In this appeal, we consider whether Code § 55–52, which codifies the doctrine of after-acquired title, retroactively cures a title defect in a deed of trust to subject the interest of a subsequent purchaser without notice or a lien creditor to the deed of trust. We also consider whether a party who acquires a deed of trust pursuant to a court order is a lien creditor, and whether a prior deed of trust recorded outside a party's chain of title is “duly admitted to record” for purposes of Code § 55–96(A).

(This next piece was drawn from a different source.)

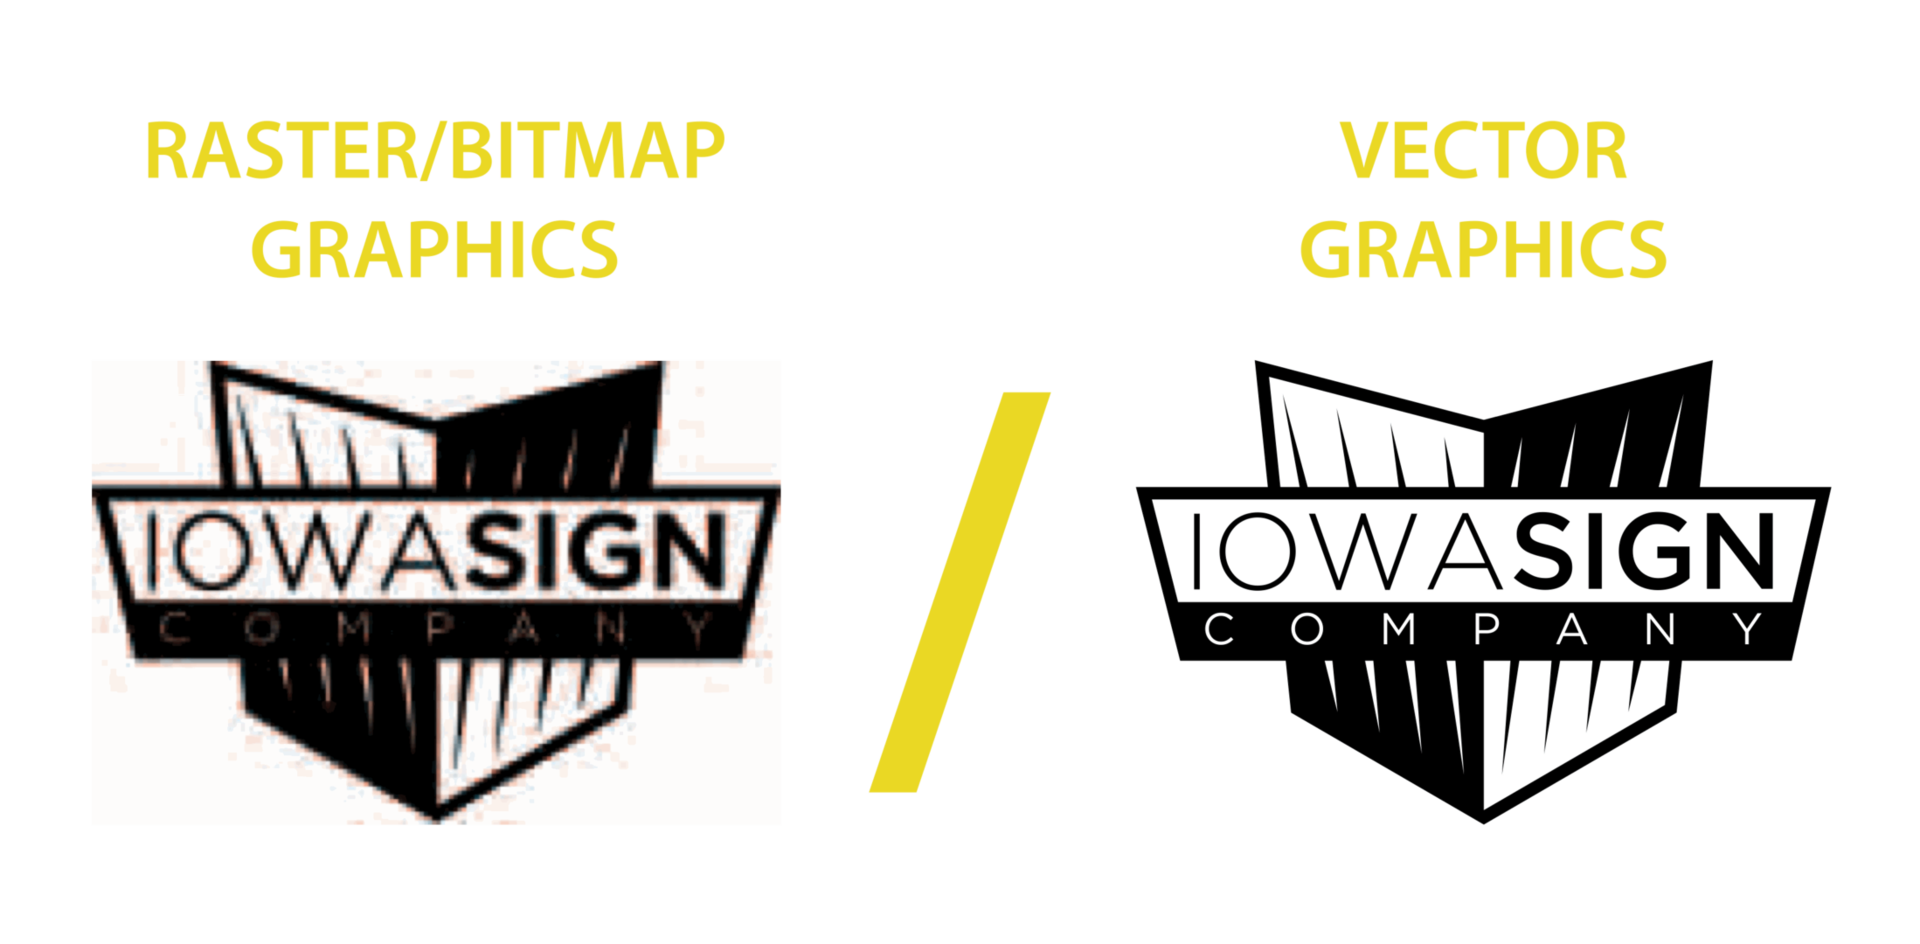 An image with our company logo in both raster and vector format explaining the differences between the two.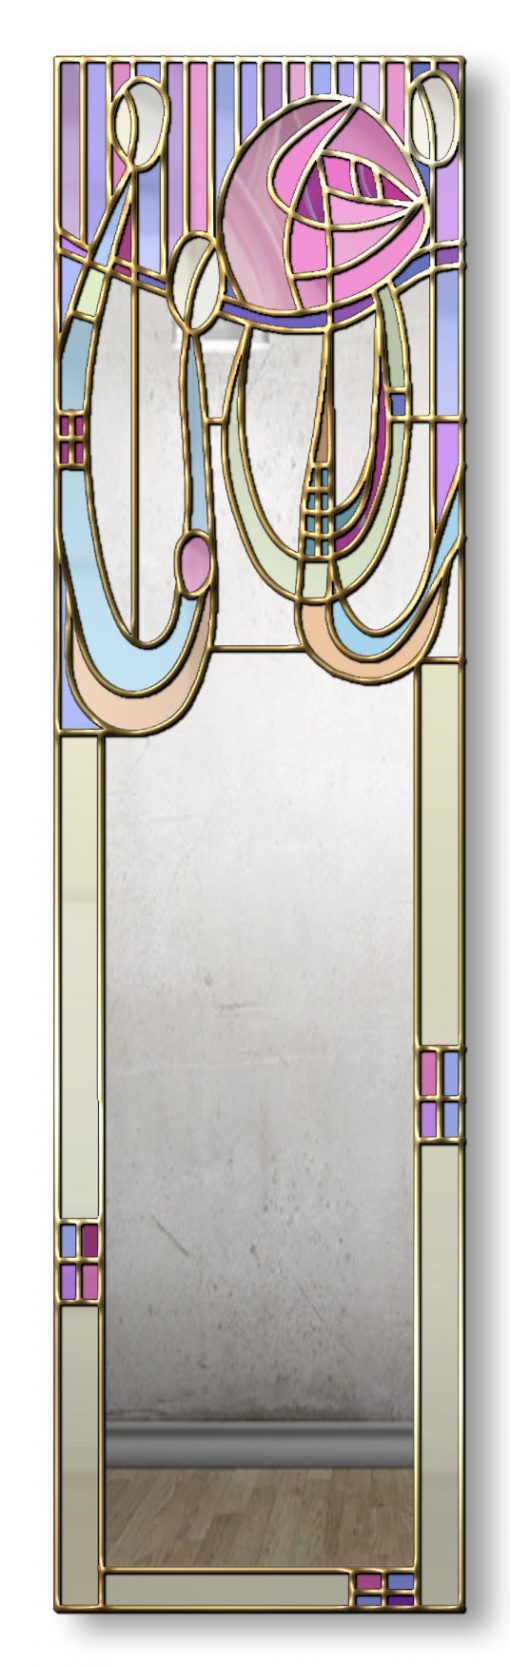 Anabel Handcrafted finished in Gold Trim Rene Mackintosh Mirror

I. BACKGROUND AND MATERIAL PROCEEDINGS
Lynore Arrington (“Arrington”) was married to William Plucky (“Plucky”) from 1992 to 2004. While married, they acquired property located at 113 Waters Edge in Moneta (the “Property”) as tenants by the entireties with the right of survivorship by general warranty deed. On November 17, 2004, the Circuit Court of Franklin County entered a final decree of divorce dissolving the marriage. The decree affirmed and incorporated a separation and property settlement agreement under which Plucky acquired the Property and agreed to pay Arrington $11,000 per year for a period of ten years beginning in January 2006. Arrington conveyed her interest in the Property to Plucky by deed of gift executed on July 15, 2004 and recorded on July 29, 2004.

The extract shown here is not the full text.